Der Rat der Stadt Bingen am Rhein hat in seiner Sitzung am 28.04.2026 aufgrund des § 24 der Gemeindeordnung Rheinland-Pfalz vom 31.01.1994 (GVBl. S. 153), zuletzt geändert durch Art. 6 des Gesetzes vom 20.12.2024 (GVBl. S. 473, 475) in Verbindung mit den Bestimmungen des Sozialgesetzbuches – Achtes Buch (VIII) – Kinder- und Jugendhilfe – vom 11.09.2012 (BGBl.
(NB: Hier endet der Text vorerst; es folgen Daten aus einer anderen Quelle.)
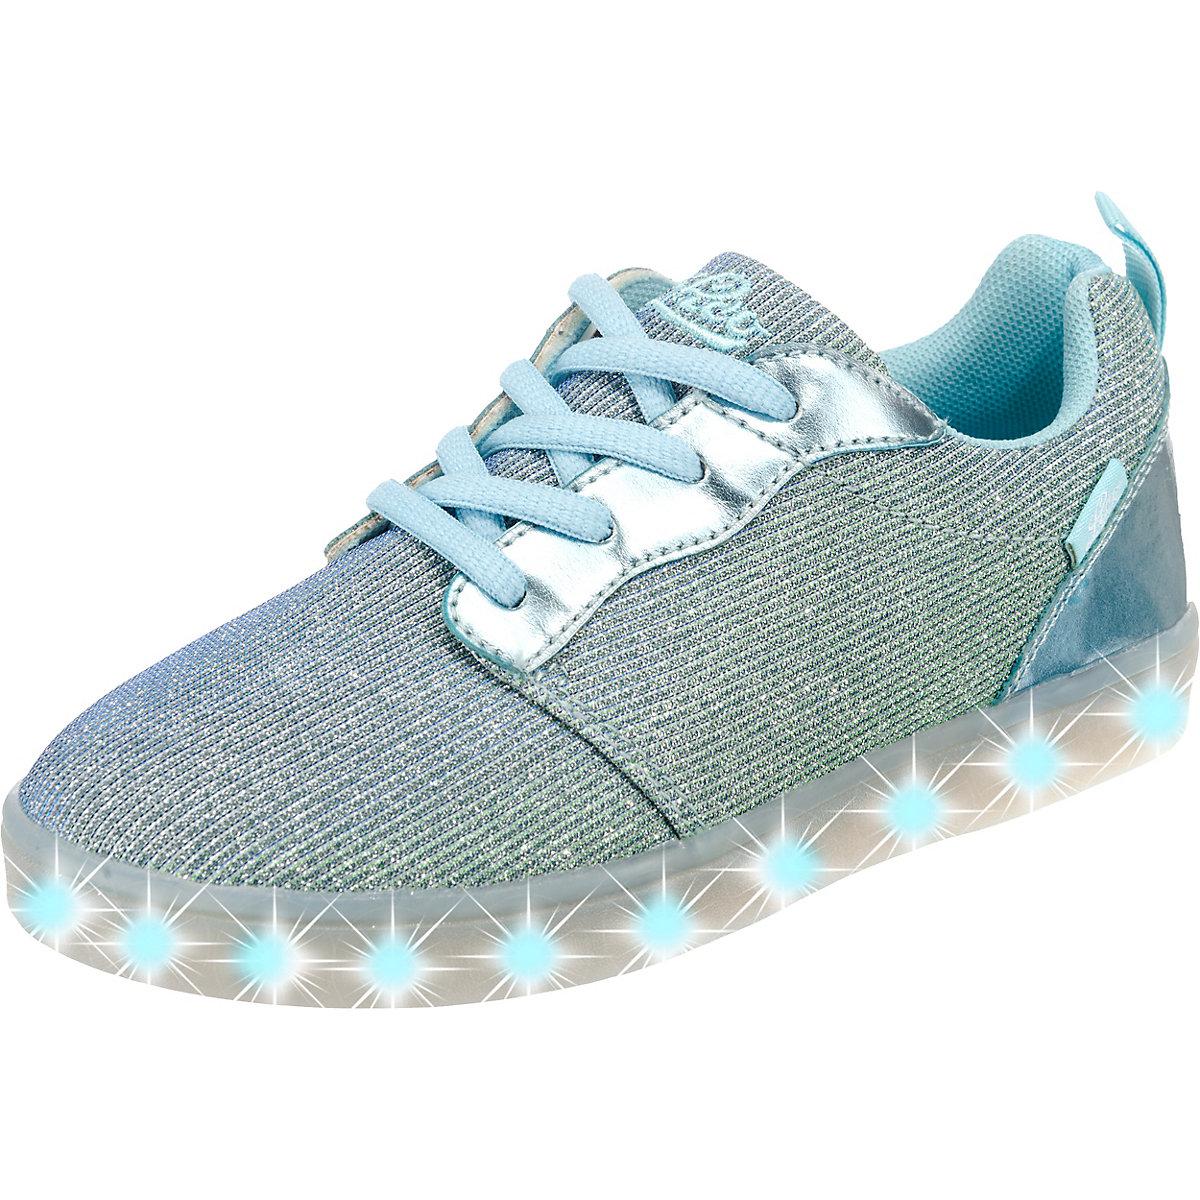 lico sneakers disco low girl blinkies mit led sohle f r jungen blau mirapodo. Black Bedroom Furniture Sets. Home Design Ideas

S. 2022), zuletzt geändert durch Art. 2 des Gesetzes vom 03.04.2025 (BGBl. 2025 I Nr.107) des Landesgesetztes über die Erziehung, Bildung und Betreuung von Kindern in Tageseinrichtungen und in der Kindertagespflege (KiTaG) Rheinland-Pfalz vom 03.09.2019 (GVBl. S. 213) und des Kommunalabgabengesetzes Rheinland-Pfalz vom 20.06.1995 (GVBl. S. 175), zuletzt geändert durch Gesetz vom 25.02.2025 (GVBl. S. 62) folgende Satzung beschlossen, die hiermit bekannt gemacht wird:
(1) Die Stadt Bingen am Rhein betreibt die in ihrer Trägerschaft stehenden Kindertagesstätten (Kindergärten, Kinderhorte) als öffentliche Einrichtungen auf Grundlage eines öffentlich-rechtlichen Benutzungsverhältnisses.
(2) Sie ist aufgrund dieser Satzung ermächtigt, zur Abgeltung von Elternbeiträgen gemäß § 26 Abs. 2 des KiTaG einen Elternbeitrag zu erheben. Weiterhin ist sie gem. § 26 Abs. 4 des KiTaG berechtigt, eine Verpflegungspauschale zu fordern.
(1) Der Träger, die Stadt Bingen am Rhein, hat mit Vertrag vom 02.04.1998 seine Aufgabe, die Elternbeiträge zum Zweck der Erhebung gem. § 26 Abs. 2 KiTaG (§ 13 Abs. 1 KitaG a. F.) festzusetzen und anzufordern, auf den Landkreis Mainz-Bingen übertragen. Gläubiger der Elternbeiträge und Zahlungen entgegenzunehmende Stelle bleibt der Träger; die Beitreibung sowie Niederschlagung und Erlass der Beitragsforderung obliegt ihm weiterhin.
(2) Der Träger, die Stadt Bingen am Rhein, hat die Kreisverwaltung Mainz-Bingen weiterhin mit der Wahrnehmung aller seiner Aufgaben bei Widerspruchs- und Klageverfahren, die die Erhebung von Elternbeiträgen im Sinne o. g. Vertrages zum Gegenstand haben, beauftragt.
(1) Die Stadt Bingen am Rhein erhebt für die Benutzung der in ihrer Trägerschaft geführten Kindertagesstätten einen Elternbeitrag.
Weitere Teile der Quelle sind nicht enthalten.